The text from her husband, out somewhere on the Logan Airport tarmac, seemed moderately upbeat:
“We landed, let’s see how it goes,” Maryam Ghodrati said, reading aloud a text from her Iranian husband, Alireza, as she waited for him at Logan Airport’s Terminal E around 2 p.m.
It didn’t go so well: her husband was detained by authorities nearly four hours.
Ghodrati, a PhD candidate at the University of Massachusetts Amherst, said she is a naturalized citizen; her husband, a PhD working in the area, has his green card. Their 10-year-old son was born here, and the family lives in Hopkinton.

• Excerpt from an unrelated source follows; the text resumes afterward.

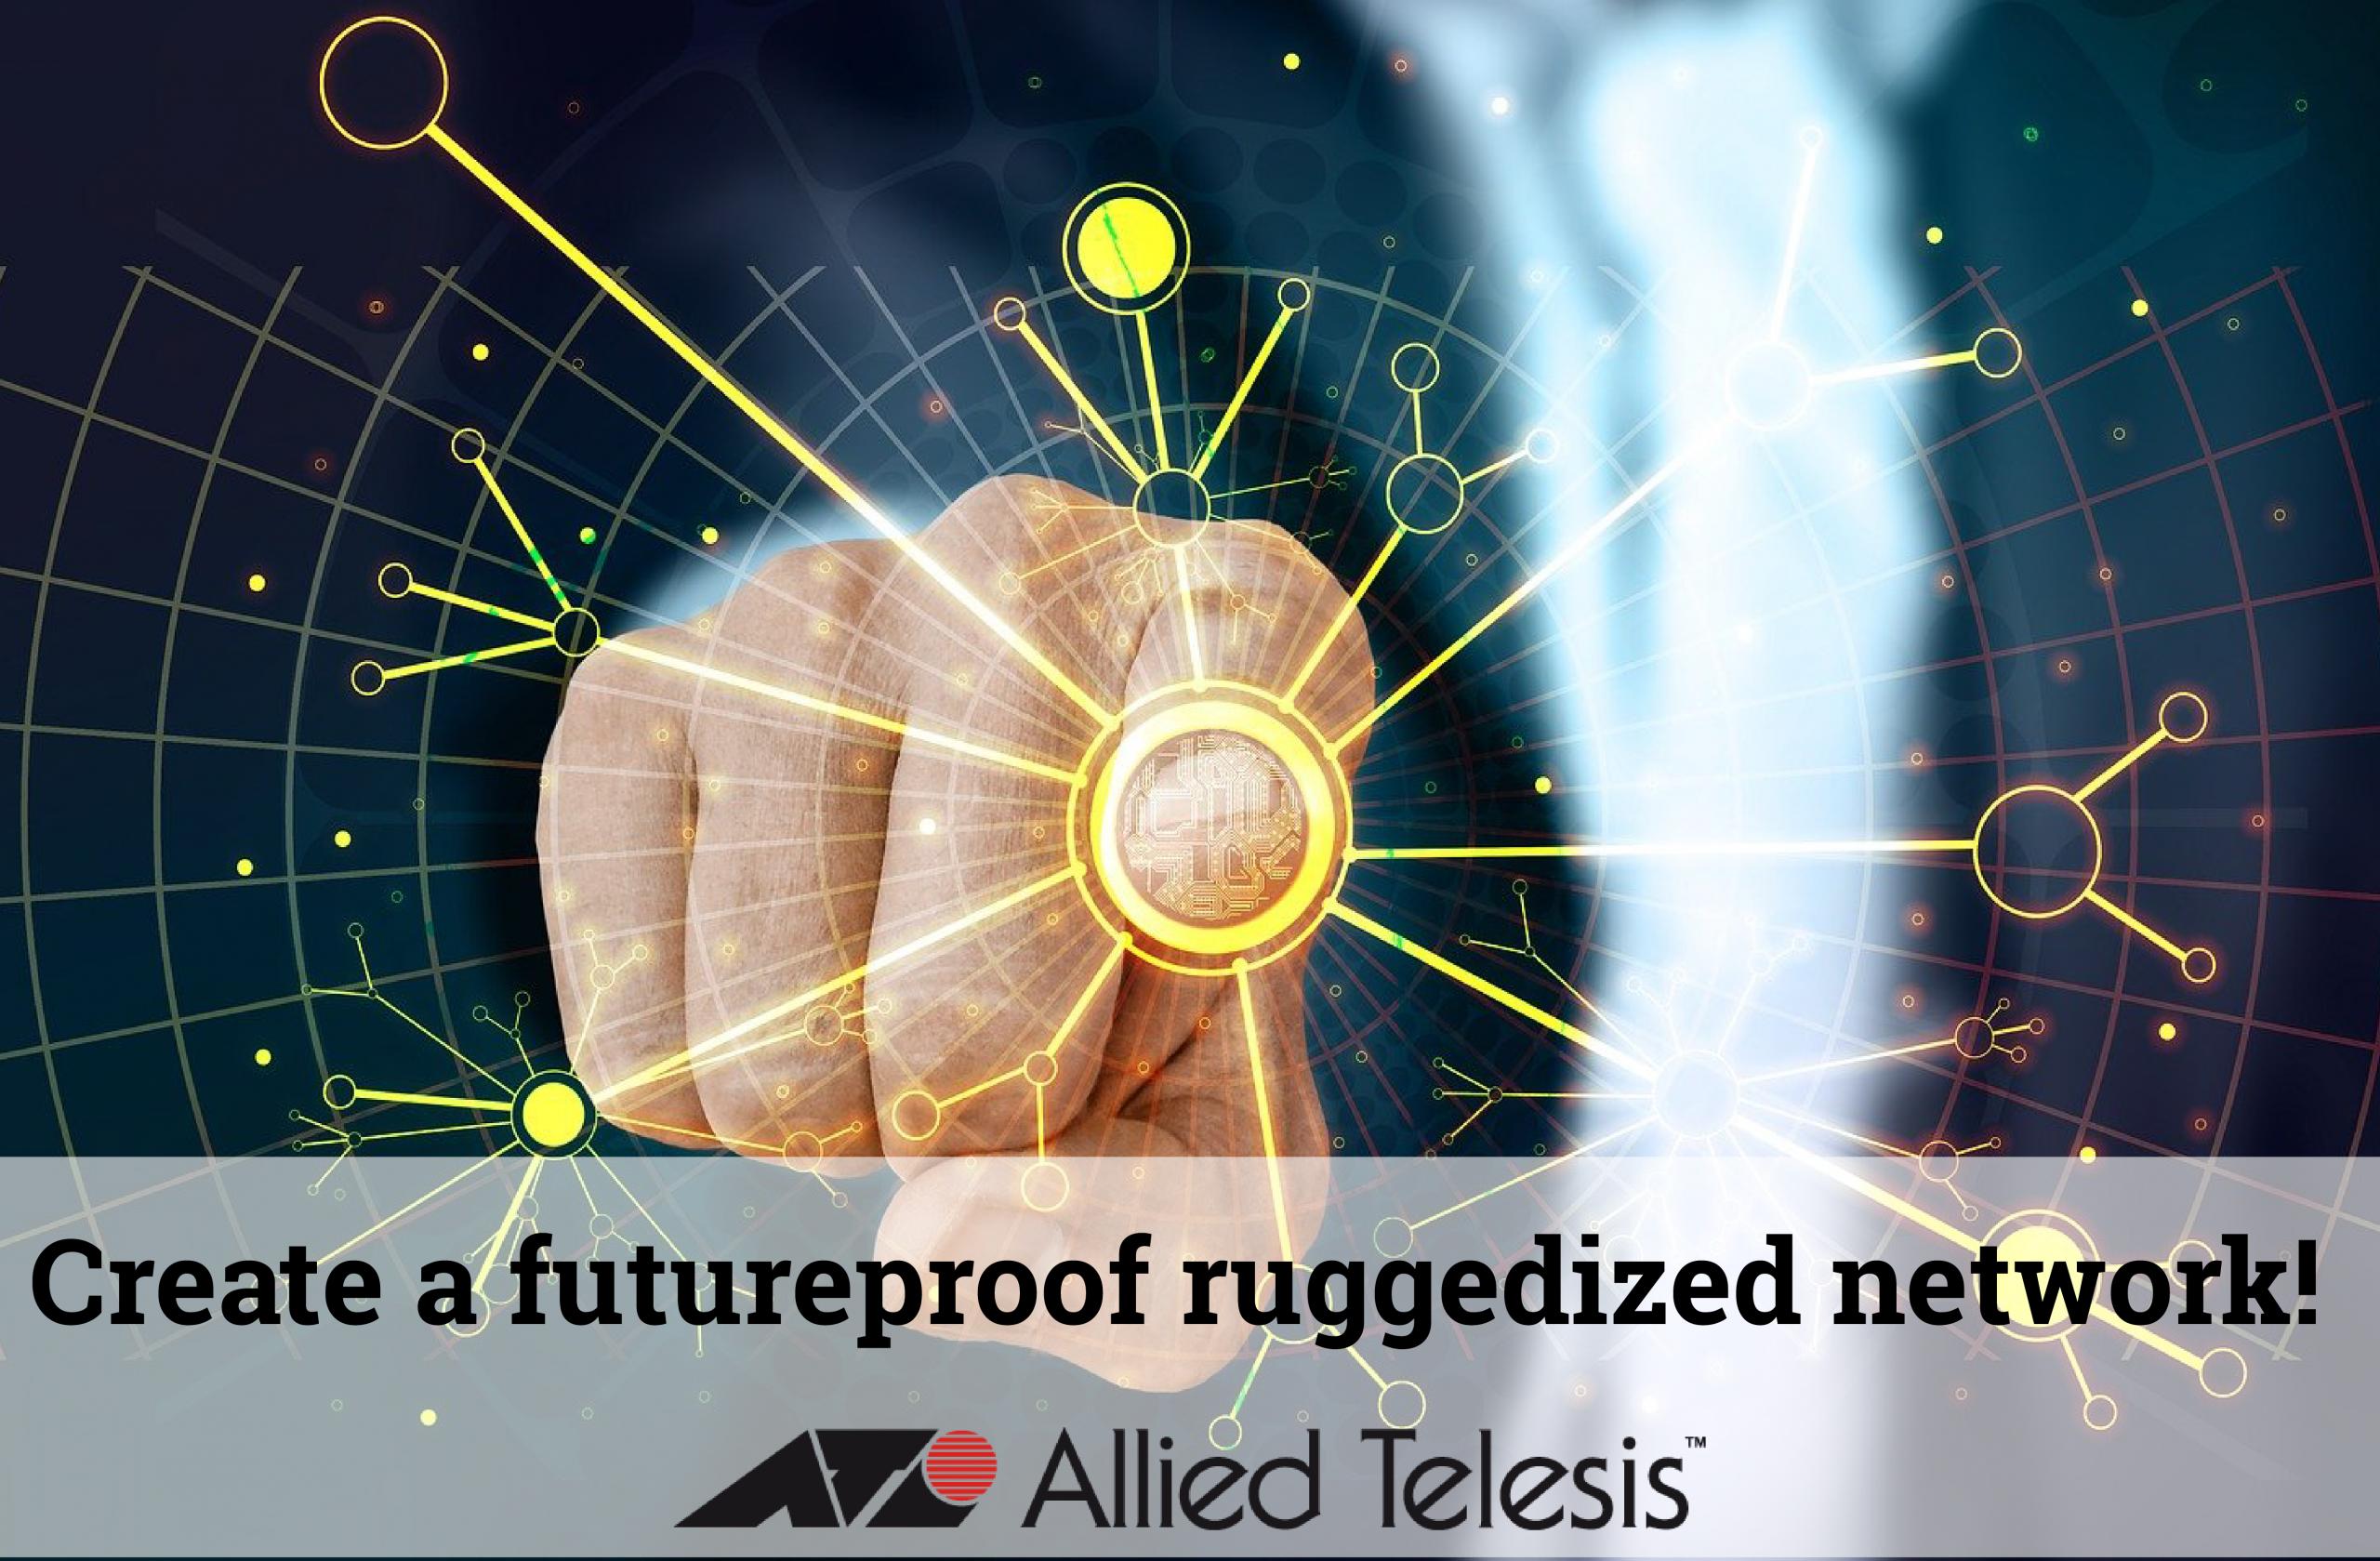 Ruggedized Futureproof network - allied telesis

She said her husband had returned to their home country of Iran on Thursday because his father had died. A day later President Donald Trump issued his controversial executive order blocking Syrian refugees and immigrants from seven predominantly Muslim countries, including Iran.
“For two whole days, I was just sitting by CNN, listening to the news, calling the airports,” said Ghodrati.
Worried about making it back into the US, Ghodrati said her husband cut short his trip and missed his father’s memorial. He flew from Iran to Qatar for a connecting flight to Boston.
After 17 years in the US, Ghodrati said it’s hard to see Trump as president. “I say, ‘Maybe it was a nightmare,’ as though I’m going to wake up from it.”
As of 5:30 p.m., Ghodrati was still waiting anxiously with her son, niece, and niece’s husband, standing behind a railing as they stared at a pair of double doors.
Her husband was released at about 6 p.m. The couple embraced quickly and left without speaking to reporters.
Earlier Sunday, an Iranian woman was detained for several hours at Logan after her flight arrived from Dubai, according to her lawyer.
The woman, who has been legally living in the US, arrived on an Emirates flight from Dubai that landed at about 7:28 a.m., and was held for nearly three hours, according to her attorney, Howard Silverman. At about 10:15 a.m., the woman was allowed to leave the airport with her husband, who is also from Iran.
Silverman declined to release his client’s name, but said the early morning federal court ruling should have prevented officials from detaining his client. Still, he said, “We’re very happy she’s been released and she’s back with her family.”Mark Arsenault of the Globe staff contributed to this report.